If we are right in fixing on 32 per cent. as the rate at which the white population of America increases by procreation in ten years, it will follow that during the last ten years of the eighteenth century nearly one sixth of the increase was the effect of emigration; from 1800 to 1810, about one ninth; and from 1810 to 1820, about one seventeenth. This is what we should have expected; for it is clear that unless the number of emigrants be constantly increasing, it must, as compared with the resident population, be relatively decreasing. The number of persons added to the population of the United States by emigration between 1810 and 1820 would be nearly 120,000. From the data furnished by Mr. Sadler himself, we should be inclined to think that this would be a fair estimate.

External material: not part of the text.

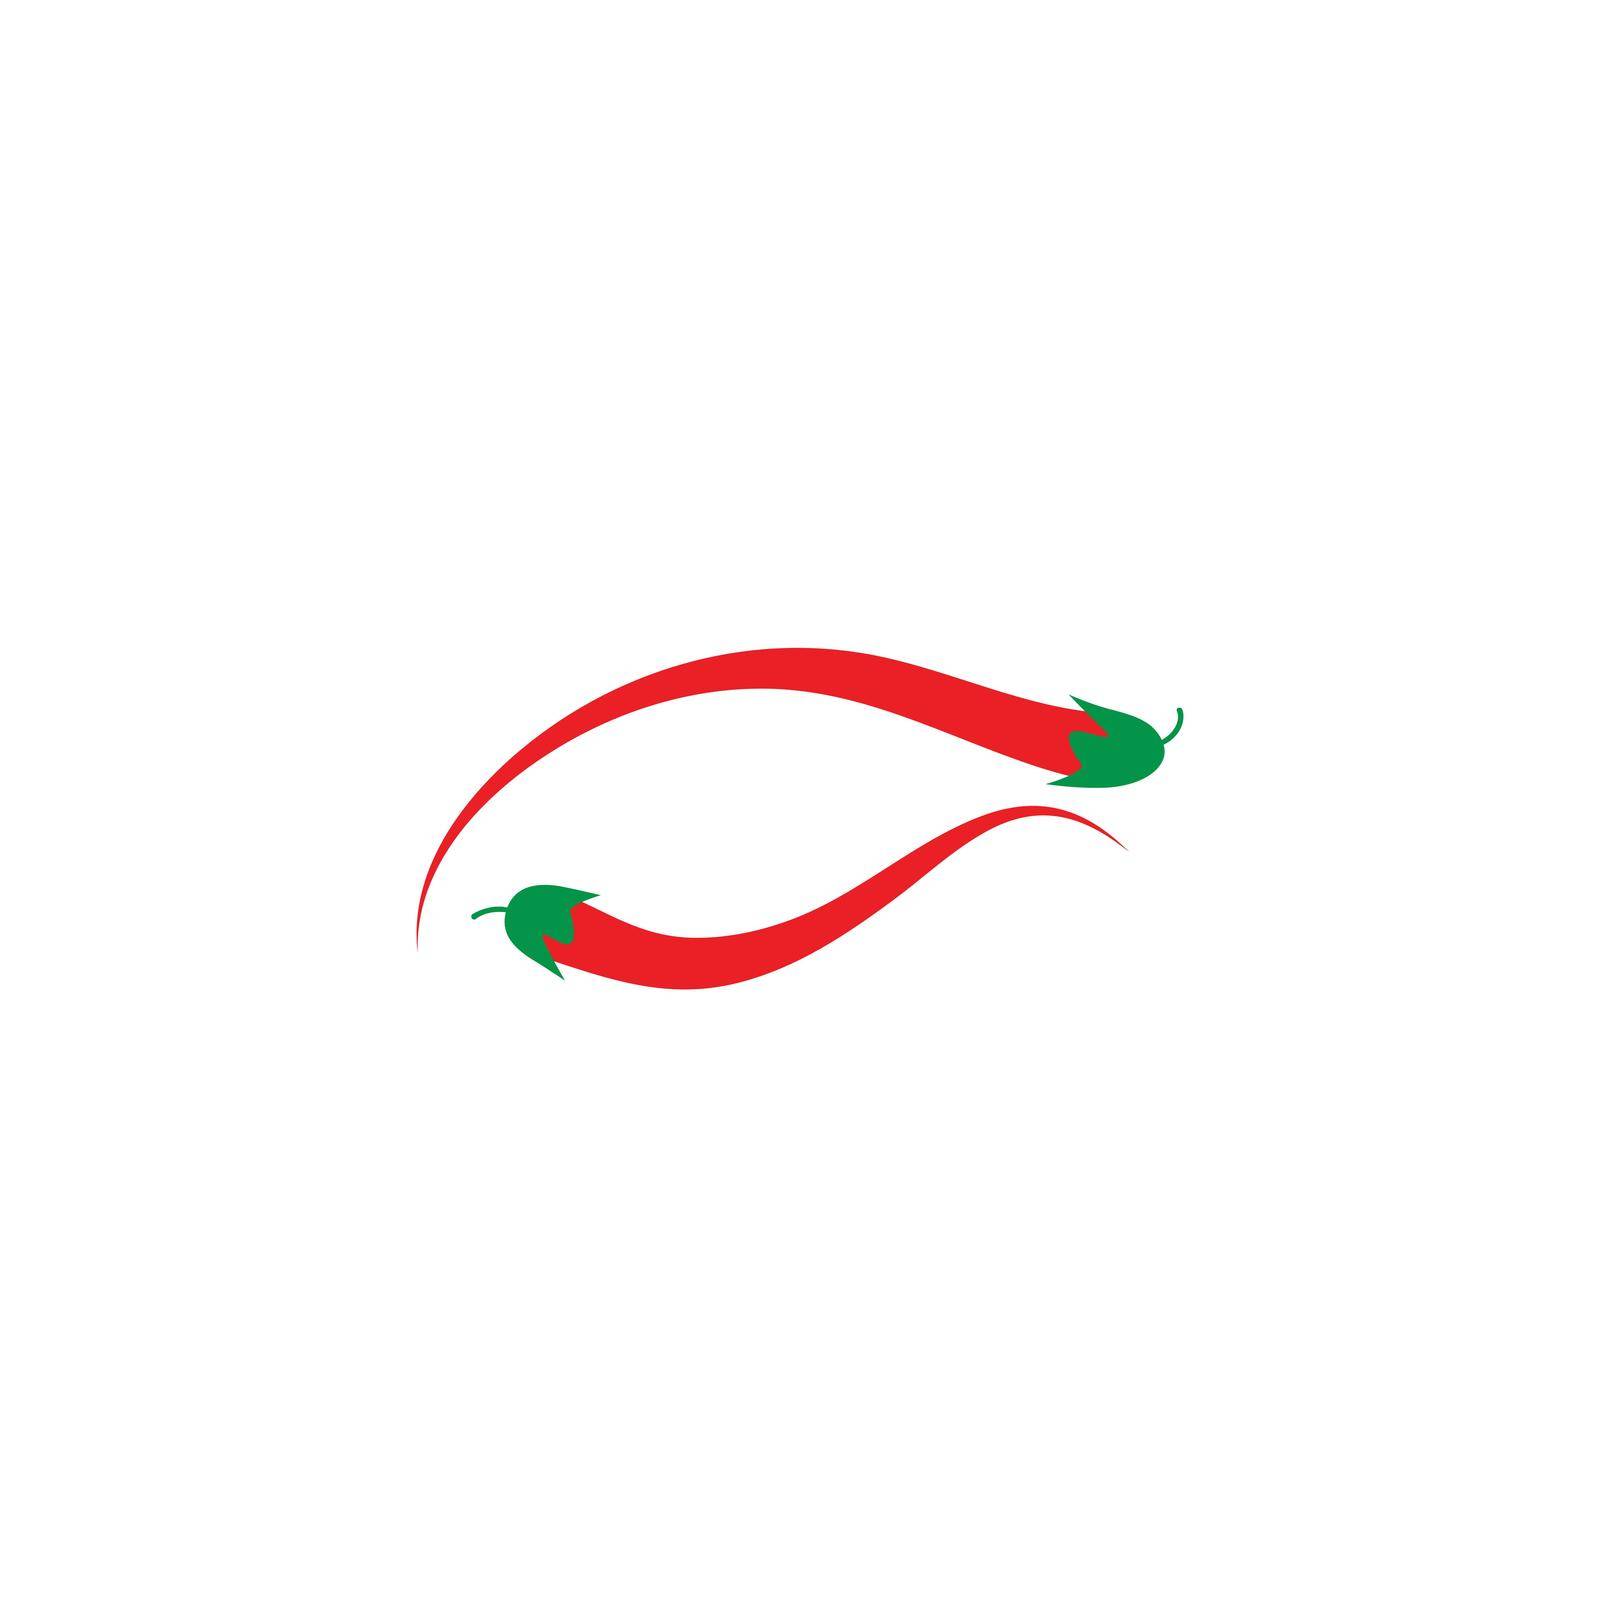 Hot Chili logo by awk

"Dr. Seybert says that the passengers to ten of the principal ports of the United States in the year 1817 amounted to 22,235; of whom 11,977 were from Great Britain and Ireland, 4164 from Germany and Holland, 1245 from France, 58 from Italy, 2901 from the British possessions in North America, 1569 from the West Indies, and from all other countries 321. These, however, we may conclude, with the editor of Styles's Register, were far short of the number that arrived."

We have not the honor of knowing either Dr. Seybert or the editor of Styles's Register. We cannot, therefore, decide on their respective claims to our confidence so peremptorily as Mr. Sadler thinks fit to do. Nor can we agree to what Mr. Sadler very gravely assigns as a reason for disbelieving Dr. Seybert's testimony. "Such accounts," he says, "if not wilfully exaggerated, must always fall short of the truth." It would be a curious question of casuistry to determine what a man ought to do in a case in which he cannot tell the truth except by being guilty of wilful exaggeration. We will, however, suppose, with Mr. Sadler, that Dr. Seybert, finding himself compelled to choose between two sins, preferred telling a falsehood to exaggerating, and that he has consequently underrated the number of emigrants. We will take it at double of the doctor's estimate, and suppose that in 1817, 45,000 Europeans crossed to the United States. Now it must be remem

bered that the year 1817 was a year of the severest and most general distress over all Europe-a year of scarcity everywhere, and of cruel famine in some places. There can, therefore, be no doubt that the emigration of 1817 was very far above the average, probably more than three times that of an ordinary year. Till the year 1815 the war rendered it almost impossible to emigrate to the United States either from England or from the Continent. If we suppose the average emigration of the remaining years to have been 16,000, we shall probably not be much mistaken. In 1818 and 1819 the number was certainly much beyond that average; in 1815 and 1816 probably much below it. But, even if we were to suppose that, in every year from the peace to 1820, the number of emigrants had been as high as we have supposed it to be in 1817, the increase by procreation among the white inhabitants of the United States would still appear to be about 30 per cent. in ten years.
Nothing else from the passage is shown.